Question: should the other model stats be the same? For example, R2?
7.2 Demonstrate equality of projections with base category.
. tab P425r, gen(inc_src)
Main source │
of household │
income │
(recoded) │ Freq. Percent Cum.
──────────────┼───────────────────────────────────
Earned income │ 2,841 55.23 55.23
Other income │ 2,303 44.77 100.00
──────────────┼───────────────────────────────────
Total │ 5,144 100.00
.
. est clear
. eststo: reg exp inc inc_src2
Source │ SS df MS Number of obs = 4,279
─────────────┼────────────────────────────────── F(2, 4276) = 1438.20
Model │ 87707427.2 2 43853713.6 Prob > F = 0.0000
Residual │ 130384241 4,276 30492.105 R-squared = 0.4022
─────────────┼────────────────────────────────── Adj R-squared = 0.4019
Total │ 218091668 4,278 50979.8196 Root MSE = 174.62
─────────────┬────────────────────────────────────────────────────────────────
exp │ Coefficient Std. err. t P>|t| [95% conf. interval]

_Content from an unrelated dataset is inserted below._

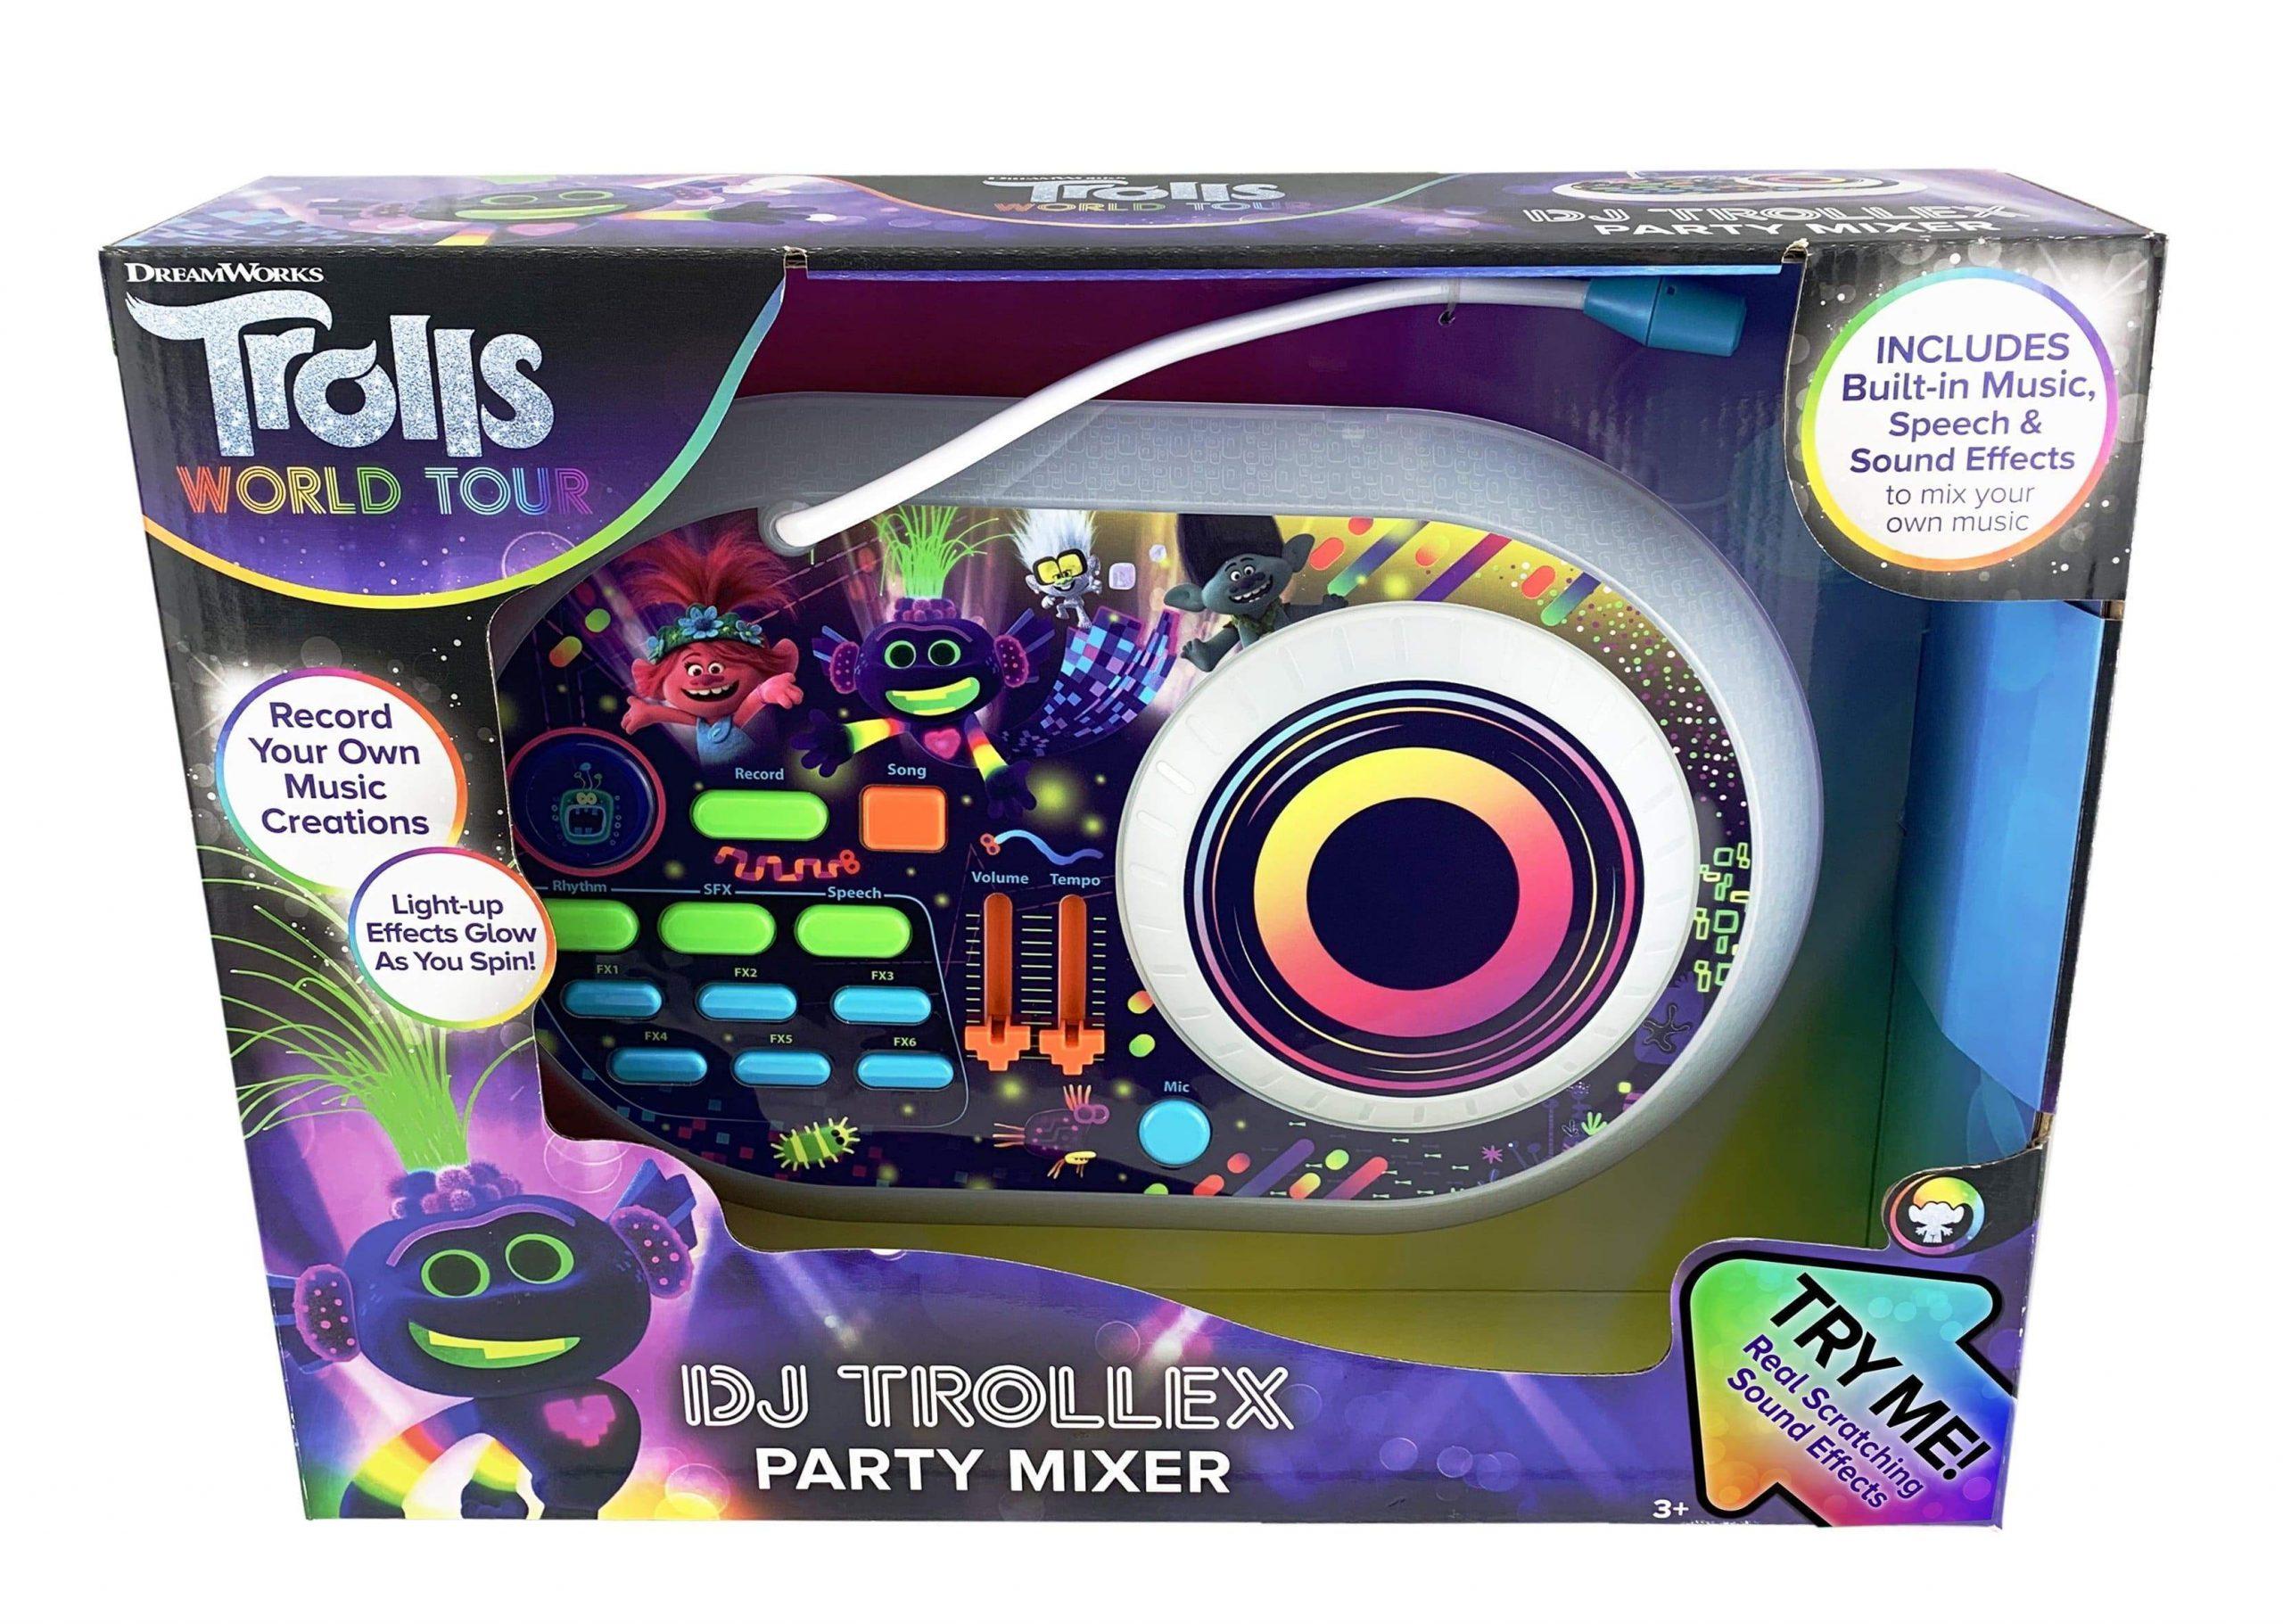 لعبة دي جي للأطفال KIDdesigns - Trolls 2 World Tour DJ Trollex  Party Mixer - cG9zdDo1NzI0OA==

─────────────┼────────────────────────────────────────────────────────────────
inc │ .4729693 .0108807 43.47 0.000 .4516374 .4943012
inc_src2 │ -23.17541 6.292255 -3.68 0.000 -35.5115 -10.83933
_cons │ 169.8991 8.240186 20.62 0.000 153.744 186.0541
─────────────┴────────────────────────────────────────────────────────────────
(est1 stored)
. eststo: reg exp inc inc_src1
Source │ SS df MS Number of obs = 4,279
─────────────┼────────────────────────────────── F(2, 4276) = 1438.20
Model │ 87707427.2 2 43853713.6 Prob > F = 0.0000
Residual │ 130384241 4,276 30492.105 R-squared = 0.4022
─────────────┼────────────────────────────────── Adj R-squared = 0.4019
Total │ 218091668 4,278 50979.8196 Root MSE = 174.62
─────────────┬────────────────────────────────────────────────────────────────
exp │ Coefficient Std. err. t P>|t| [95% conf. interval]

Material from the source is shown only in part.